Lower down are entries containing pictures. Copy exactly, without those pictures, the lines from the line with "Studio 1 iso booths with door frames." through the line with "красивые детские стихи".

(Beginning of Data to examine)

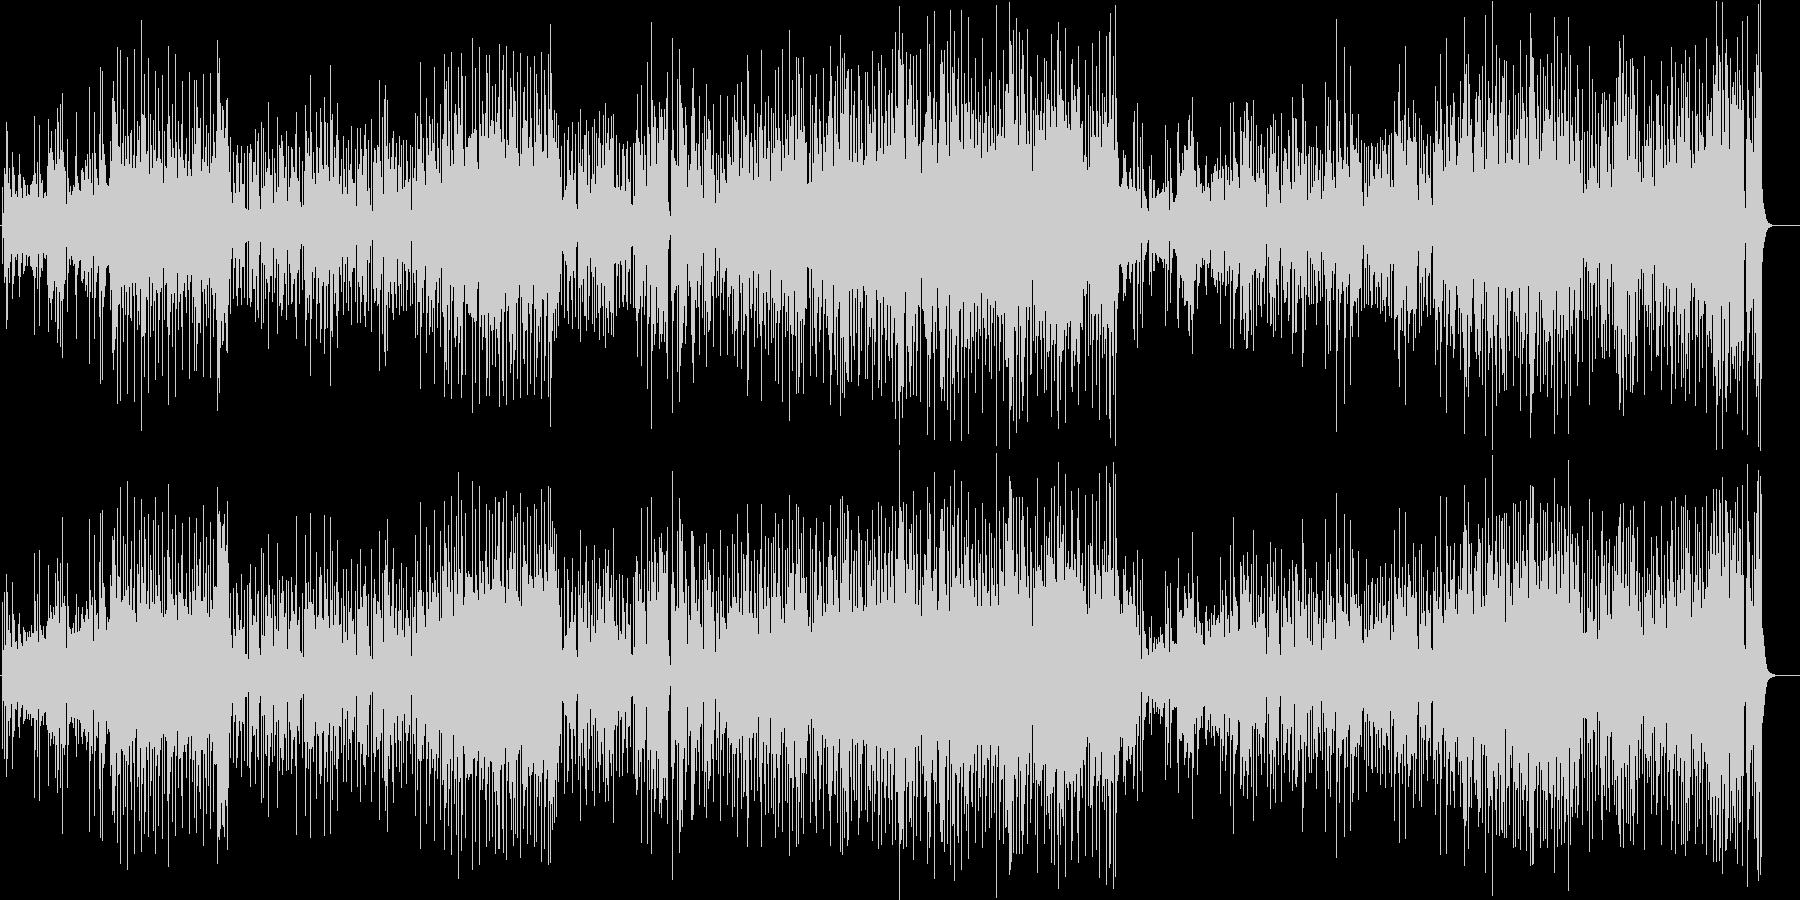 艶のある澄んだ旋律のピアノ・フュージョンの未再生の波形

(End of Data to examine)
(Beginning of Data to examine)

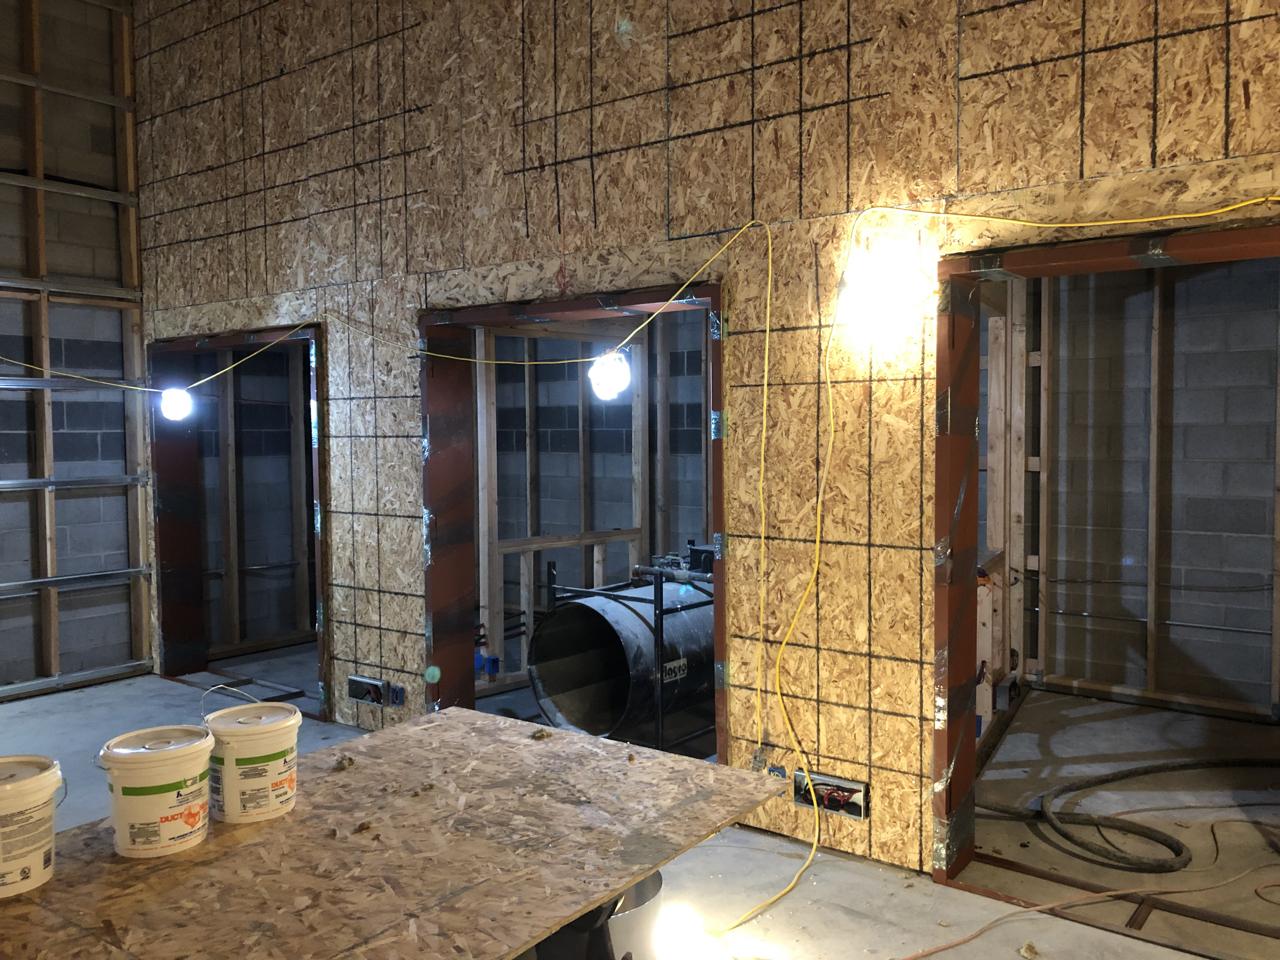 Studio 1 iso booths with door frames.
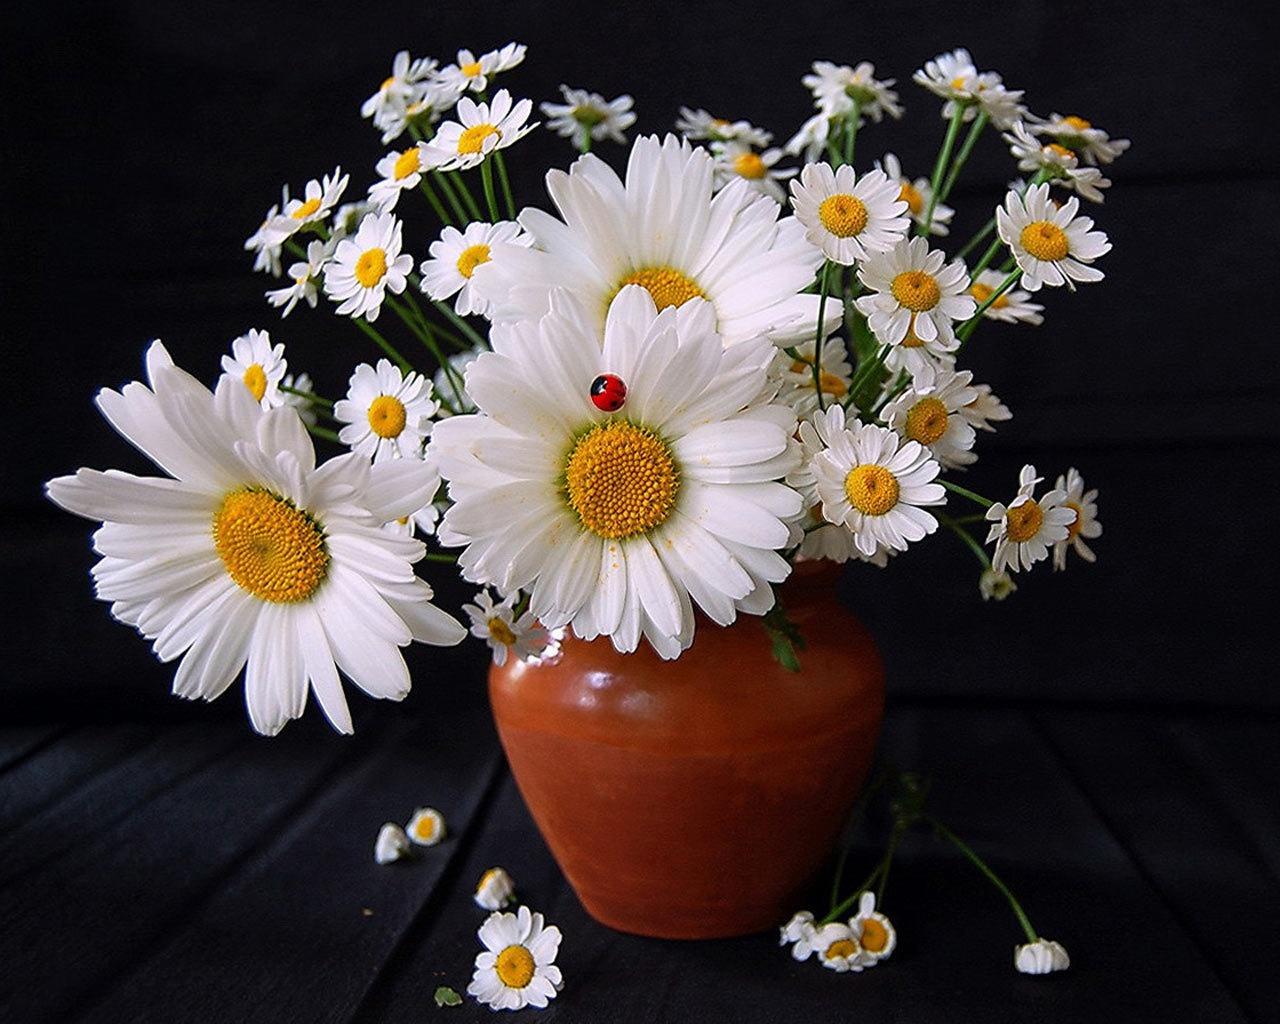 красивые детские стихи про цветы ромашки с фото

(End of Data to examine)

*Answer section*.
 Studio 1 iso booths with door frames.
 красивые детские стихи про цветы ромашки с фото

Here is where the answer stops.